Friday, July 4, 2008

Film App - Cinemalaya: Orasyon and Tulad ng Dati


My class had a chance to watch two films shown in this year's Cinemalaya. I thought: Cool, now they can see what indie really feels like, sounds like.
The first, Tulad ng Dati by Michael Sandejas is a semi-bio of The Dawn. While watching it, I thought that the film worked in so many layers and levels. In one level, could be viewed as a fanboy’s fantasy of what ought have happened had The Dawn stuck to their old sound, a sort of wish movie reliving the heyday of a band that had helped shaped Pinoy rock. In another level, it could also be seen as a parable of a man who simply refuses to change, while the people around him are changing and drifting away. It could even be seen as a fish-out-of-water tale, a man becoming alienated and cut off from things around him, becoming a stranger in his own universe.
Which was why I was kind of disappointed when I learned that Sandejas chose The Dawn mainly because “kabarkada ko sila”. And he made the film mainly because he was a fan. Dang, was I demystified.
Anyway, there is no doubt that the film was really well-crafted, with Sandejas experimenting on editing styles and mise-en-scenes that -- while not exactly new – lazy mainstream filmmakers shy away from.
My only qualms about the film was the way it spoonfed audiences with aphorisms, pounding the main message away until there’s nothing left of it but an onion paper-thin sheet.
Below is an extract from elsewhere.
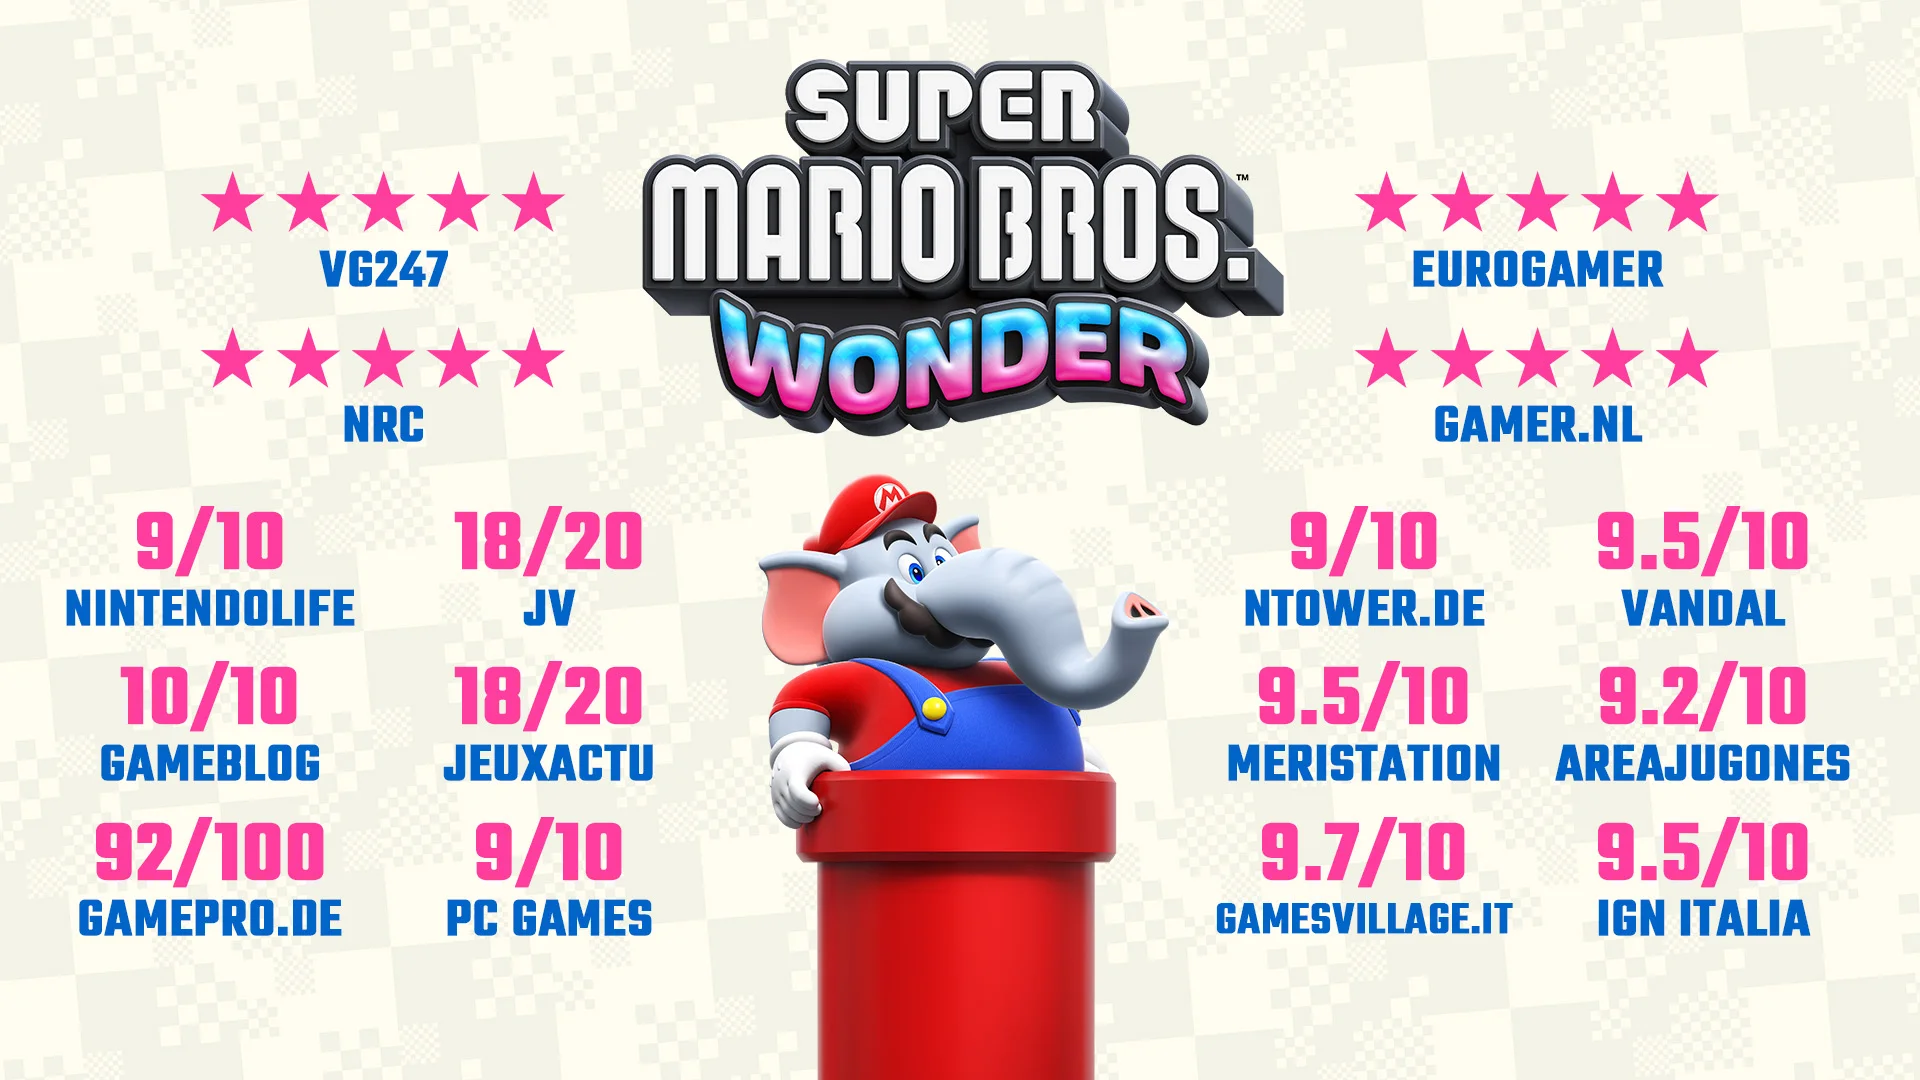 Wonder стала самой быстро продаваемой игрой Super Mario за всю историю в Европе - фото 1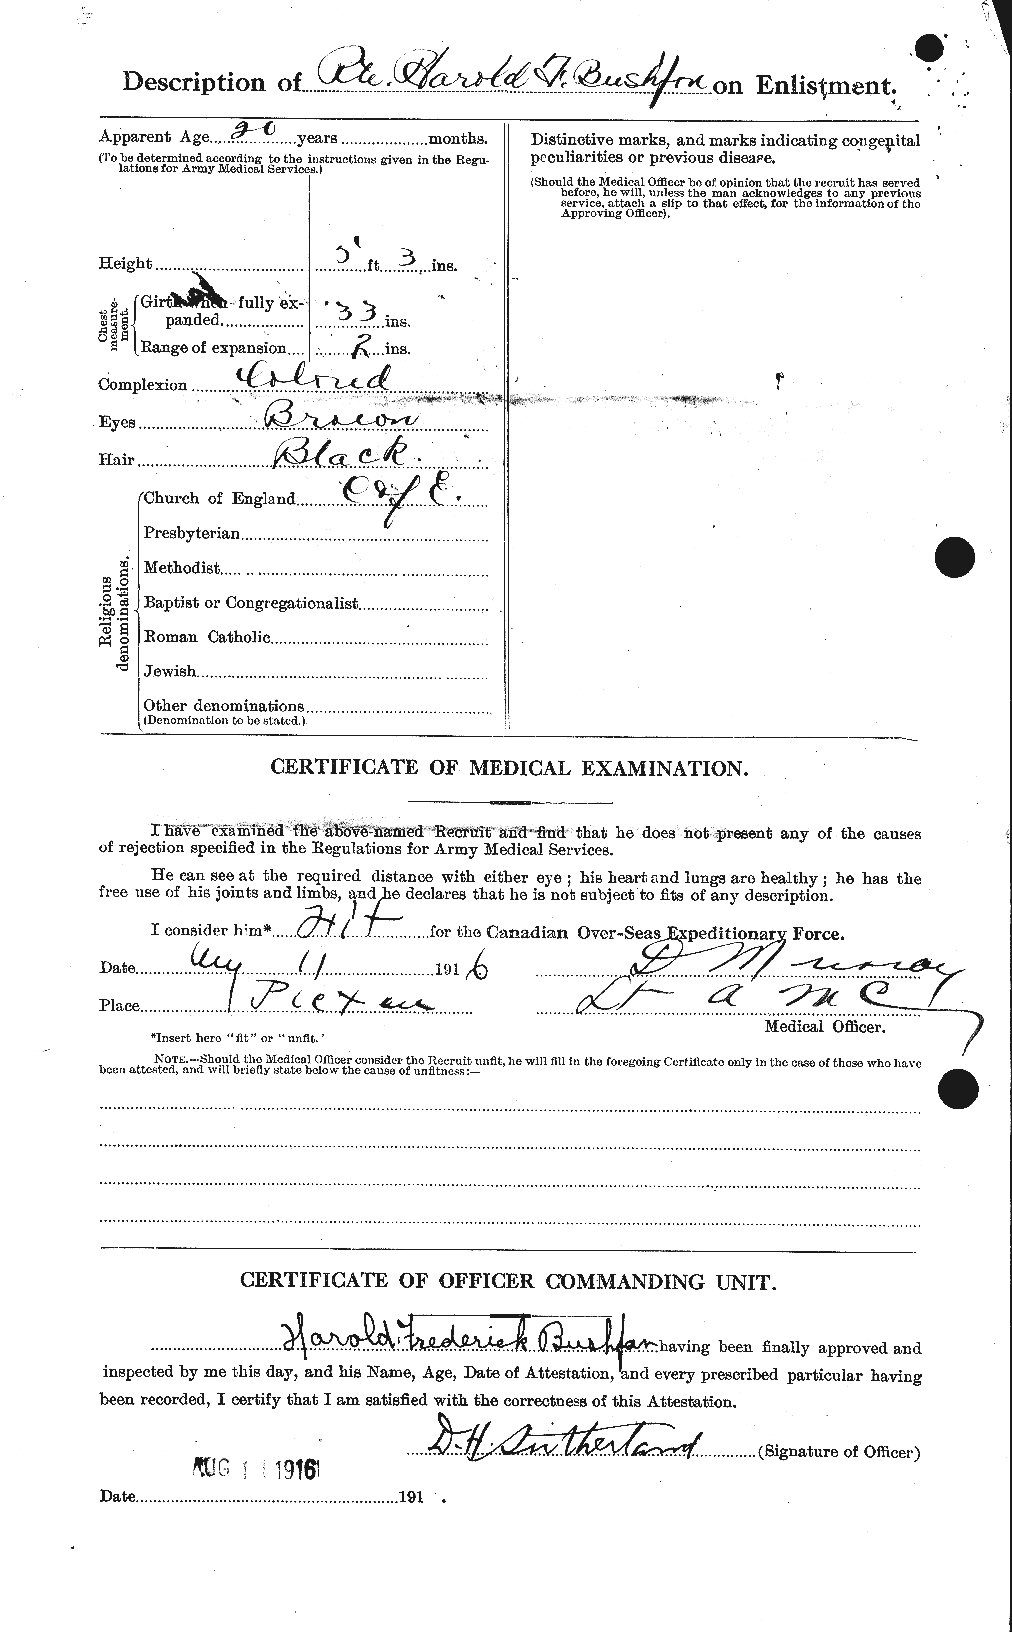 Dossiers du Personnel de la Première Guerre mondiale - CEC 274511b

And why, oh why does it have to have a snarling villain, a bald scenery-chewing actor who we know has to be a bad guy because of his sneer? I know he was supposed to represent the degenerates of the local band scene, the kind who think that shouting “putang ina” in their songs makes them edgy. Unfortunately, the actor playing him made the character one-dimensional.
Other than that, the film was really interesting and well-crafted. It generated a spontaneous applause from my class when it was shown here.
And now to Orasyon by Milo Tolentino.
The story delves on the Jungian theme, the duality of man. It’s a very simple narrative about a typical old lady stuck in her old colonial-style mansion, praying day in and day out to all the saints in heaven that her son would remember to visit her one day. Then, a stranger stumbled into her home one day, helped herself to some of the old woman’s rice cakes, and appointed herself as the maid-slash- bodyguard. Pretty soon, the stranger started to make her true colors show and eventually threw the old woman to despair, nearly driving the poor lady to kill herself. The film ended with the old lady going to confession (a beautifully shot scene of redemption), and the stranger-cum-(Satan’s) helper packing her things and leaving.
The film was shot with split-screens which, the director assured us, was meant to demonstrate the duality of things: the two contradictory sides that the characters were showing for instance. The lensing of the film was just masterful, and I appreciate that the film was shot entirely in black and white reinforcing the theme of the movie.
It was, however, a stark contrast with Tulad ng Dati, which tend to get talky on scenes that need quiet reflections. Here, the director seemed confident enough that the audience would figure out for themselves about what’s going, so even mysterious shots like the one with a male incubus in the closet was not fully explained.
As for the split screens – personally, I found myself distracted from an otherwise decent story. And for a horror movie, the film did not scare me one bit. Well, I didn’t squirm when I watched Saw and the yolky-eye bit in Hostel, so I must be one chromosome short of my scary gene.
But most of my class didn’t get it. Must be the reason why the applause was more tentative, more polite, huh?